W. Va. Code R. § 64-54-13

Current through Register Vol. XLI, No. 36, September 6, 2024
Section 64-54-13 - Inpatient Physical Facilities, Equipment, and Related Items
13.1. The provisions of this section apply to all hospice inpatient facilities. An inpatient facility licensed prior to the effective date of this rule shall be maintained in accordance with applicable standards of practice as referenced in "Sections 8 and 13" in the 2001 edition of The Guidelines for Design and Construction of Hospital and Health Care Facilities as recognized by the American Institute of Architects Academy of Architecture for Health.
13.2. The following documents shall be adopted as construction, equipment, physical facility, and related procedural standards for all inpatient facilities, new construction and any additions, alterations, renovations, or conversions of existing buildings:
13.2.a. "Section 4.2: of the 2006 edition of The Guidelines for Design and Construction of Hospital and Health Care Facilities as recognized by the American Institute of Architects Academy of Architecture for Health with assistance from the United States Department of Health and Human Resources shall be used as planning standards;
13.2.b. The State Building Code, which is the 2003 Edition of the International Building Code as adopted by the State Fire Commission, State Building Code, 87CSR4;
13.2.c. Provisions applicable to nursing homes, electrical standards, medical gas standards and patient care equipment standards and health care emergency management standards as defined in the applicable subsections in the 2005 Edition of NFPA 99, Standard for Health Care Facilities;
13.2.d. The guidelines set forth in the Americans With Disabilities Act, 28 CFR Part 36; and
13.2.e. The current State Fire Code as adopted by the State Fire Commission, State Fire Code, 87CSR1.
13.3. An inpatient facility shall comply with applicable rules of the West Virginia State Fire Commission.
13.4. An inpatient facility shall ensure that patient rooms are designed and equipped for nursing care, as well as the dignity, comfort, and privacy of patients.
13.4.a. Maximum room occupancy is one (1) patient unless justified by the hospice. In no case shall a patient room exceed two (2) occupants.
13.4.b. All patient rooms shall provide a minimum of one hundred and twenty (120) square feet of clear floor space per patient excluding toilet room space. Each patient room shall have a private toilet and bathing space.
13.4.c. A minimum of fifty (50) percent of the patient rooms shall meet the guidelines set forth in the Americans With Disabilities Act, 28 CFR Part 36.
13.5. The interior and exterior of the inpatient facility shall be maintained to provide a clean, safe, sanitary environment free of hazards for patients, staff, and visitors.
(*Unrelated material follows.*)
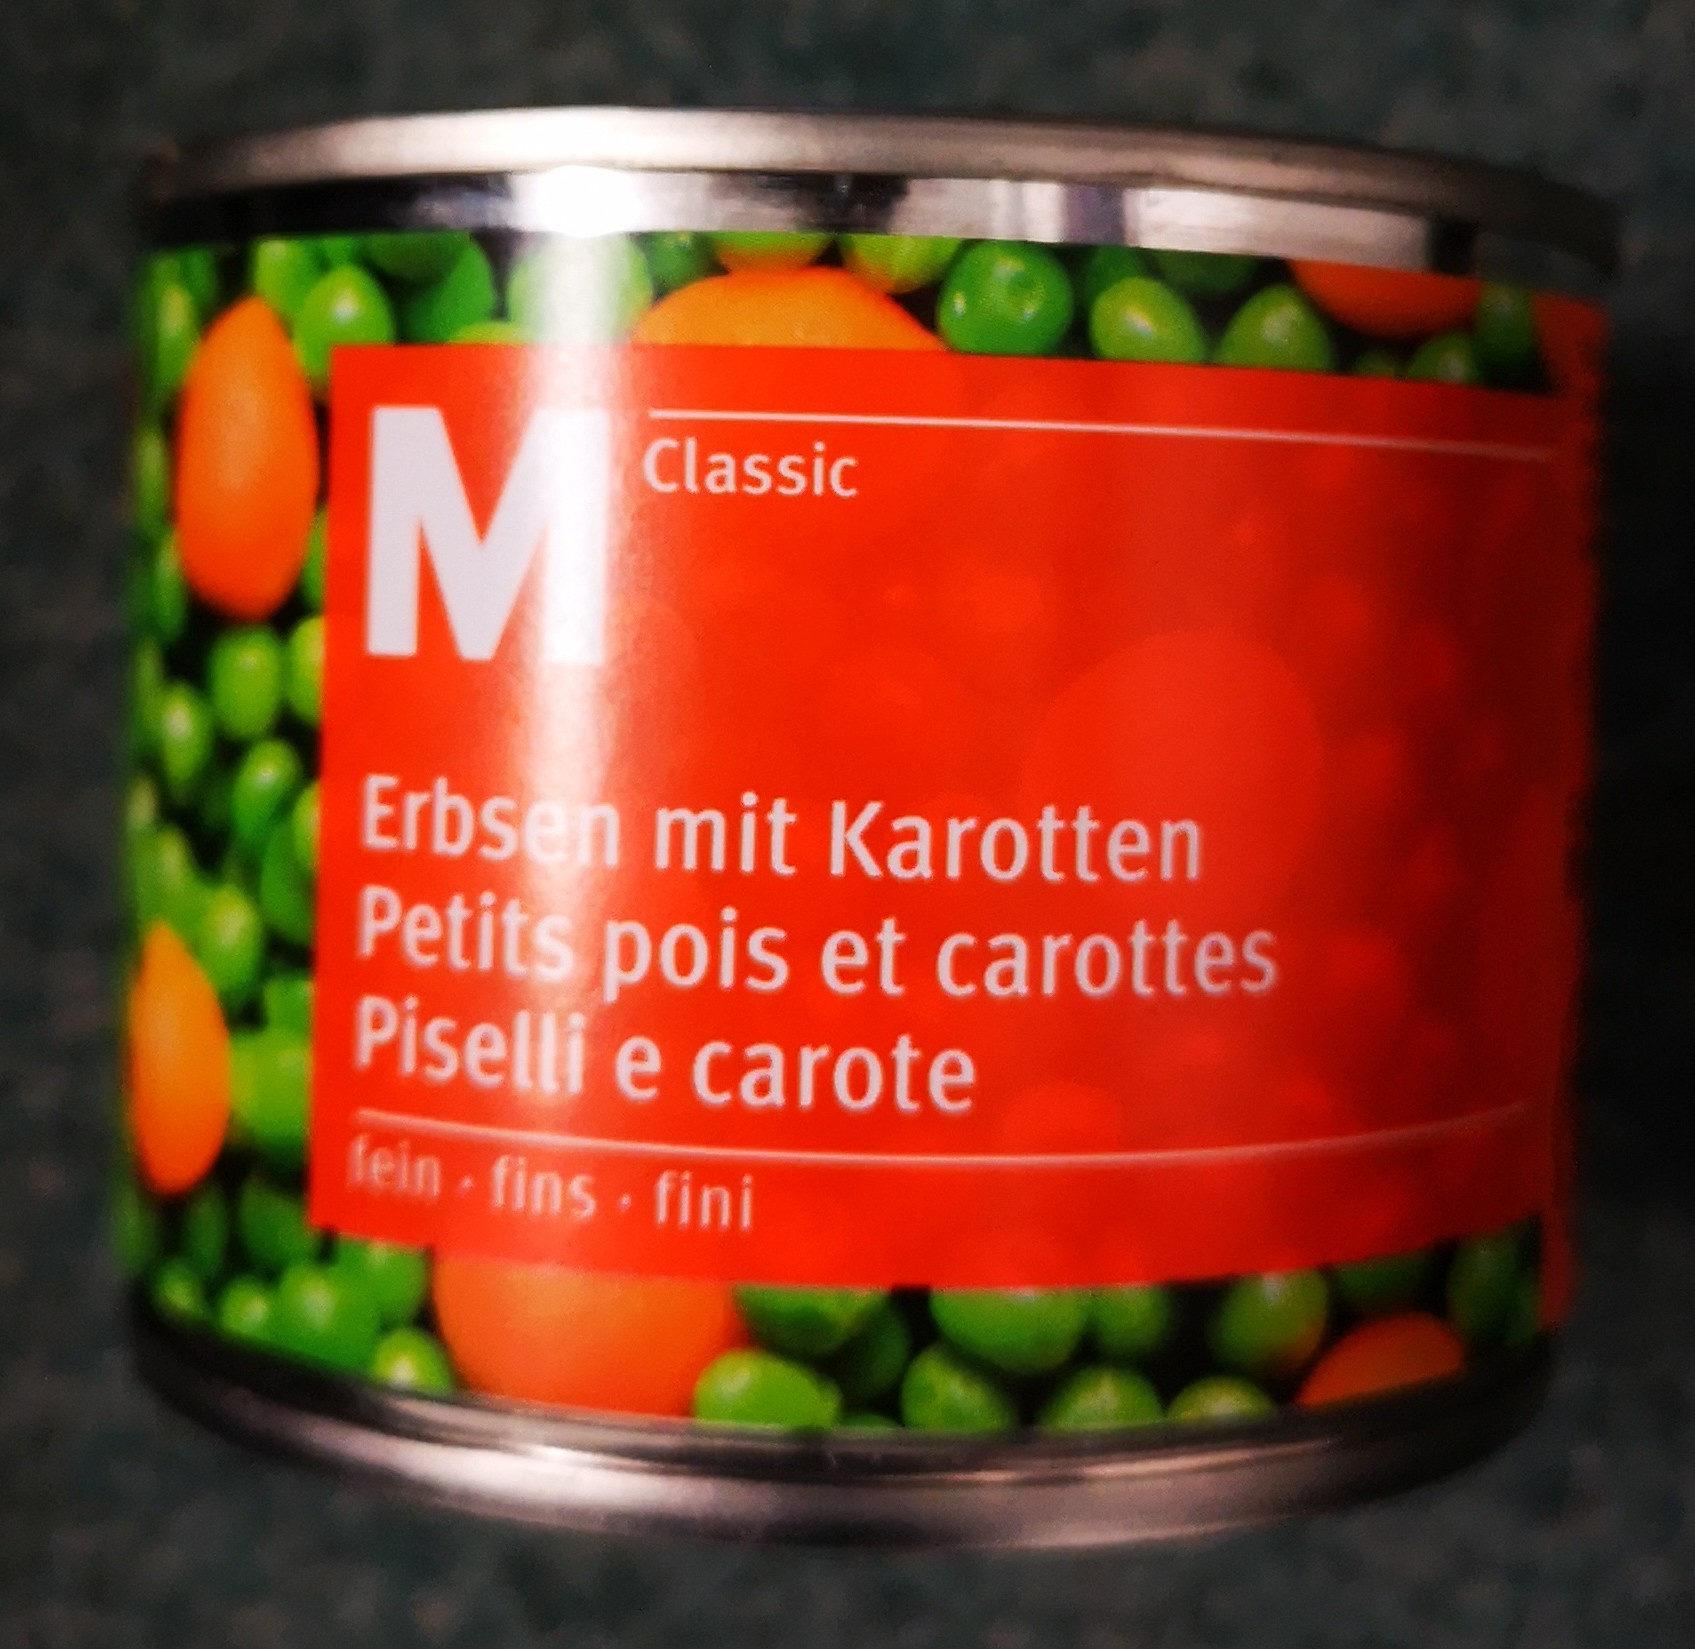 Petits pois et carottes - Produit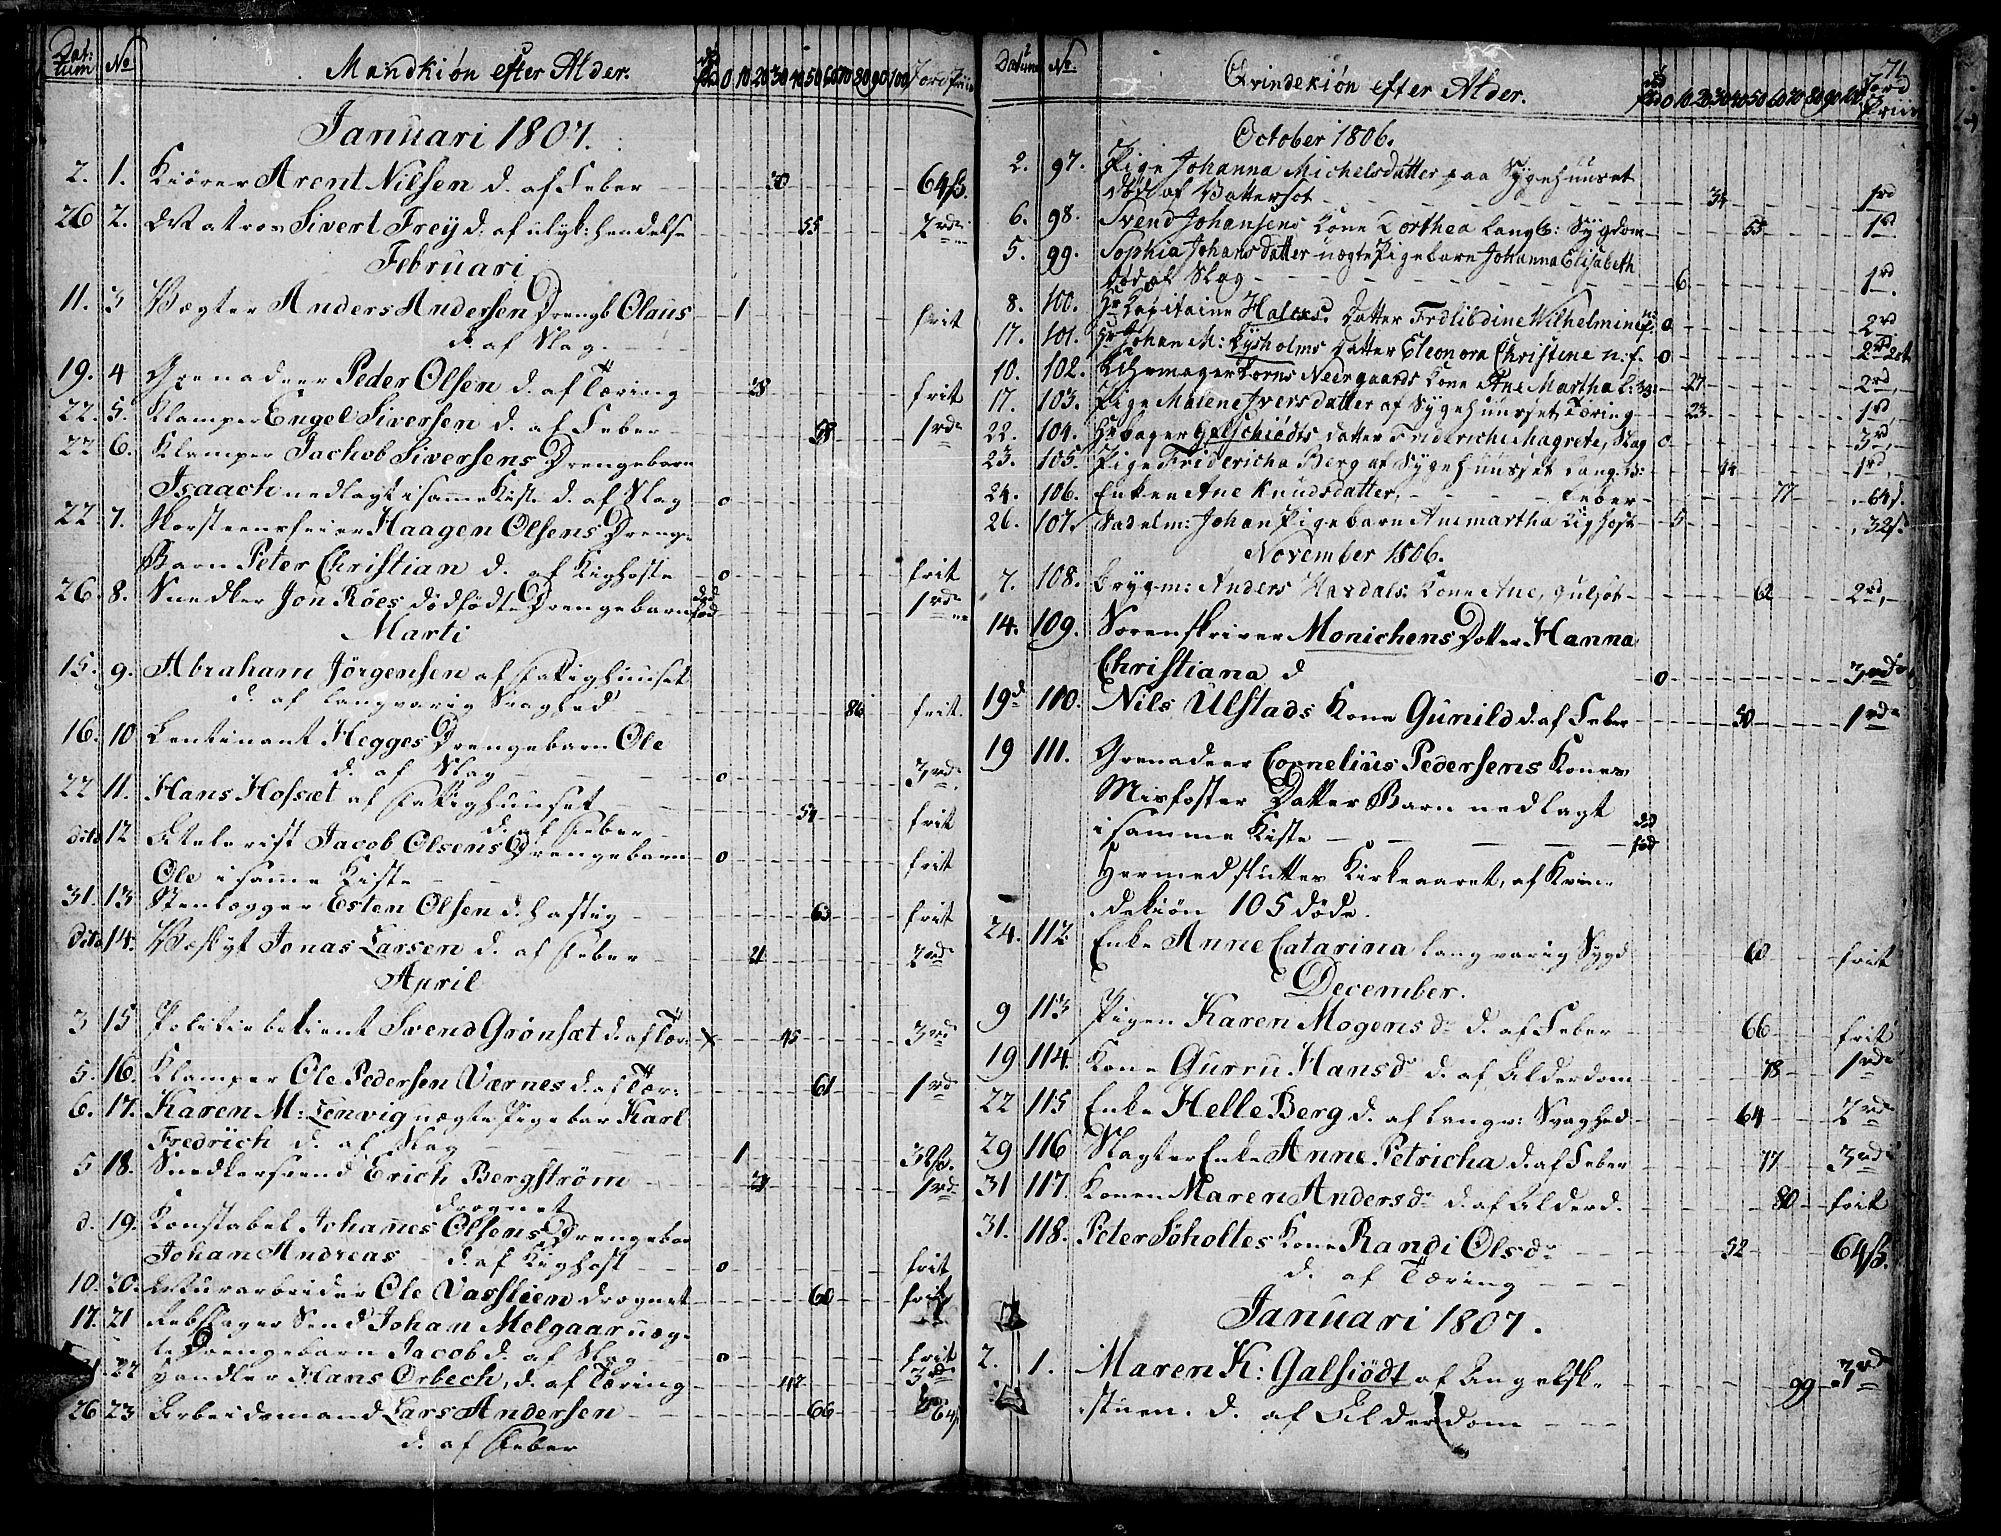 SAT, Ministerialprotokoller, klokkerbøker og fødselsregistre - Sør-Trøndelag, 601/L0040: Ministerialbok nr. 601A08, 1783-1818, s. 71

13.6. An inpatient facility shall have an emergency operations plan in effect for managing the consequences of power failures, natural disasters, and other emergencies that would affect a hospice's ability to provide care or interrupt normal operations.
13.6.a. All staff shall be familiar with the written emergency operations plan developed in accordance with the standards identified in NFPA 99.
13.6.b. New employees shall be trained in emergency operations upon hire and annually thereafter in accordance with the requirements identified in NFPA 99.
13.6.c. The administrator shall review the emergency operations plan on an annual basis, which shall be verified by his or her signature and the date.
13.6.d. There shall be at least one (1) rehearsal of the emergency operations plan on a semiannual basis.
13.7. An inpatient facility shall develop procedures for managing the control, reliability, and quality of the physical facility. This shall include the light, temperature, humidity, ventilation and air exchanges, and air quality throughout the hospice.
13.8. An inpatient facility shall have adequate drainage, electricity, telephone, sanitation, water, and other necessary facilities available on or near the site.
13.9. An inpatient facility shall meet local building codes and zoning restrictions. Where local codes or regulations permit lower standards than required by this rule, the standards contained in this rule take precedence.
13.10. Site conditions shall comply with the relevant sections of the 2006 Edition of The Guidelines for Design and Construction of Hospital and Healthcare Facilities as recognized by the American Institute of Architects Academy of Architecture for Health.
13.11. An inpatient facility shall request, in writing, an inspection of a proposed inpatient facility site and obtain approval for construction from the Director before beginning construction.
13.12. For new construction, renovations and alterations, an inpatient facility shall submit to the Director for review and approval, complete construction drawings and specifications for the inpatient facility construction project which alters a floor plan, impacts life safety or requires approval under W. Va. Code § 16-2D-1, prior to beginning work on the project. An architect or engineer registered to practice in West Virginia shall prepare and sign and seal the drawings and specifications including architectural, life safety, structural, mechanical, and electrical drawings and specifications.
13.12.a. Each new inpatient facility constructed after the effective date of this rule shall provide a private room for family members to place telephone calls.
13.12.b. Prior to starting any renovations, an inpatient facility shall complete an infection control and safety risk assessment and shall develop a plan to control exposure of patients, employees and the public. This plan shall be implemented prior to and during construction phases.